橈骨神経麻痺で手が動かない…。症状の原因やリハビリについて解説します
「腕枕をして起きたら手首が動かなくなった!」
まさかと思うかもしれませんが、実は「橈骨神経麻痺(とうこつしんけいまひ)」と呼ばれるけがでよく聞かれるエピソードです。

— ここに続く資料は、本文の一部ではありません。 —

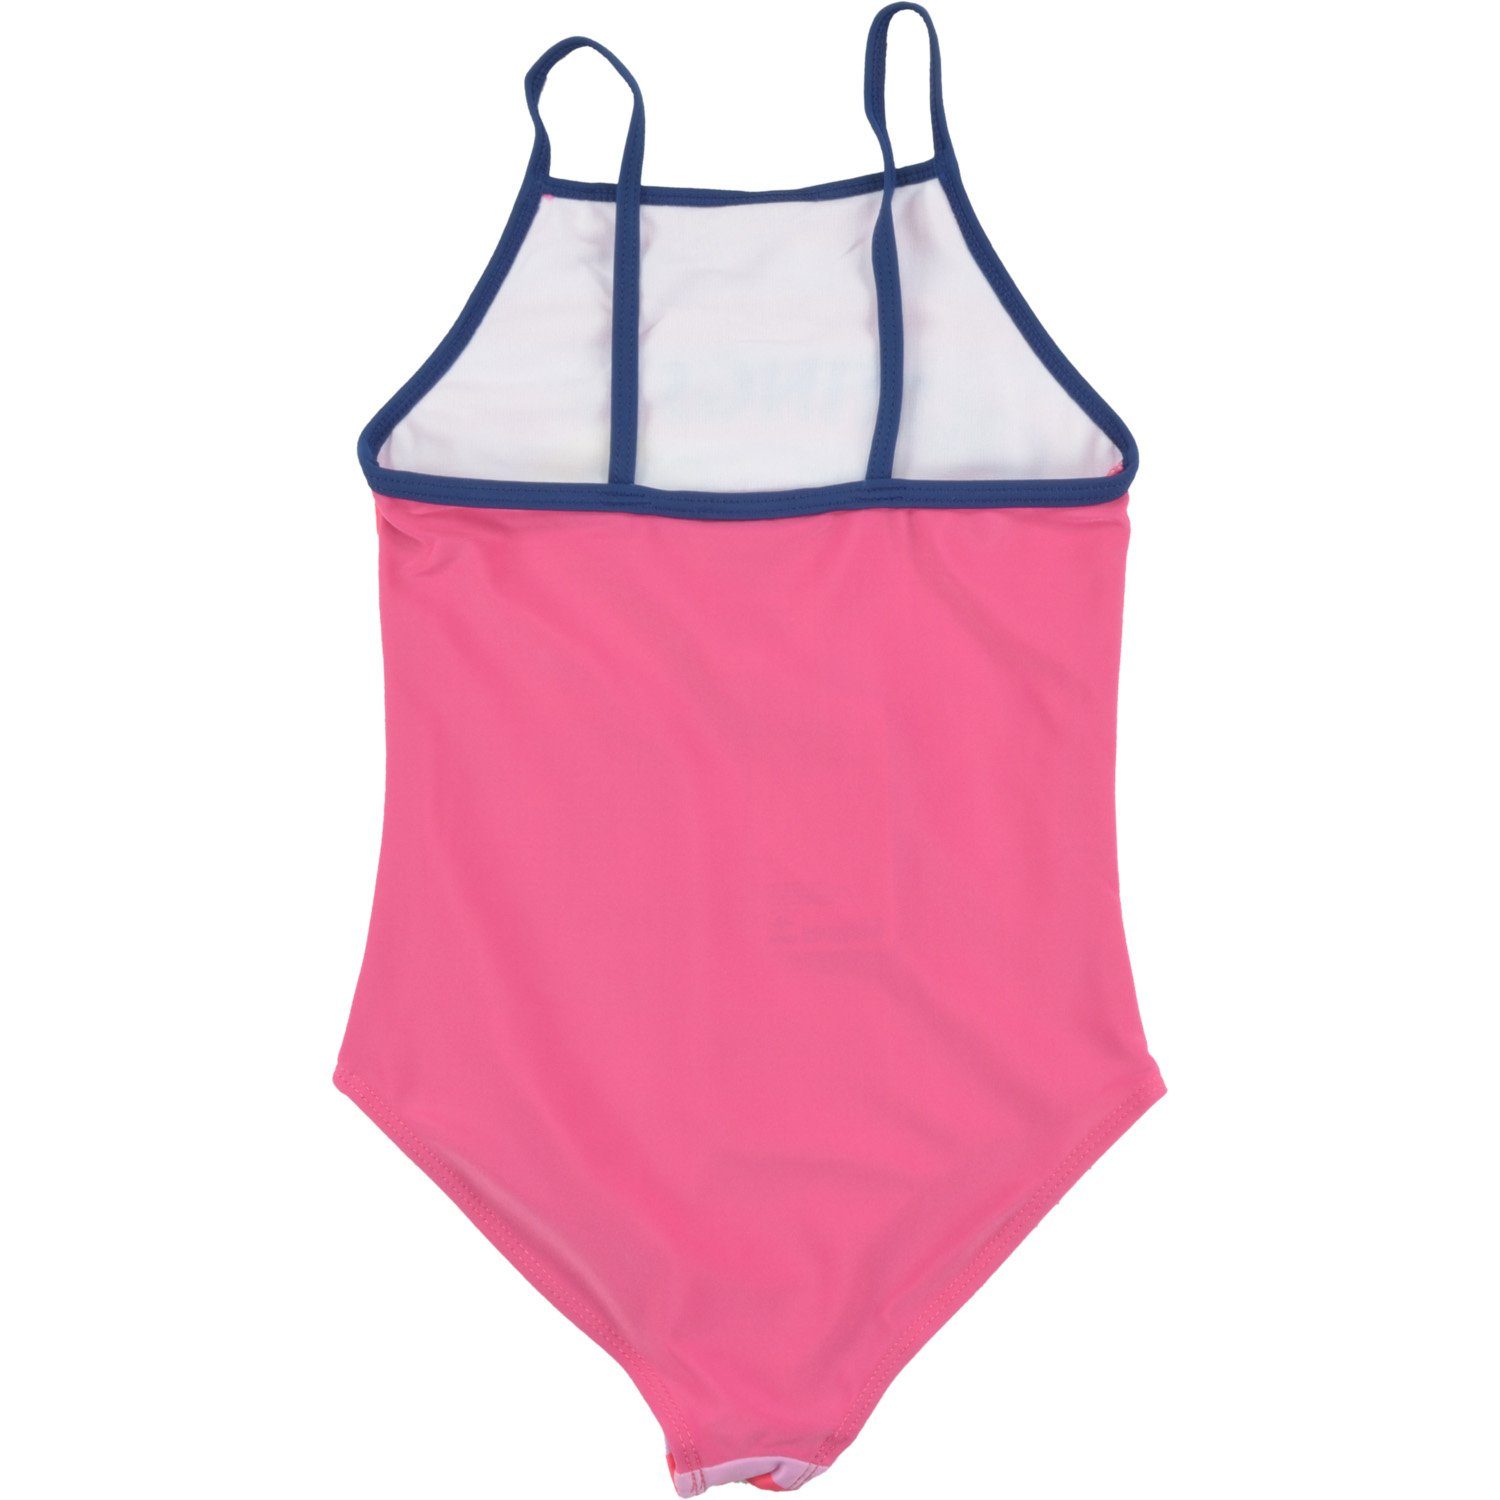 United Labels® Badeanzug Minions from Badeanzug Greetings für – Beach Mädchen Minion Pink/Rosa

今回は日常生活でも起こりうる橈骨神経麻痺について症状や原因、リハビリなどの治療について整形外科の理学療法士が解説します。
目次
橈骨神経麻痺とは?病気の特徴や症状を解説
まずは橈骨神経麻痺がどのような病気なのかを解説します。
●橈骨神経ってどこの神経?神経のある場所と役割
橈骨神経とは脇から腕を通り手まで伸びる神経です。
主に腕の裏側を通って、手の先では親指から中指へと広がっています。
主に手首を手の甲側に曲げたり、指を広げたりするために働く筋肉を支配しています。
また、腕の裏側や親指から中指側の手の甲の感覚も司っています。
●橈骨神経麻痺は大きく分けて2種類
橈骨神経麻痺は神経が障害される場所によって以下の2つに分けられます。
○橈骨神経高位麻痺(とうこつしんけいこういまひ)
日常生活の動作が原因で起こることが多い橈骨神経麻痺です。
橈骨神経でも肘から上の部分を通る部分が障害された場合です。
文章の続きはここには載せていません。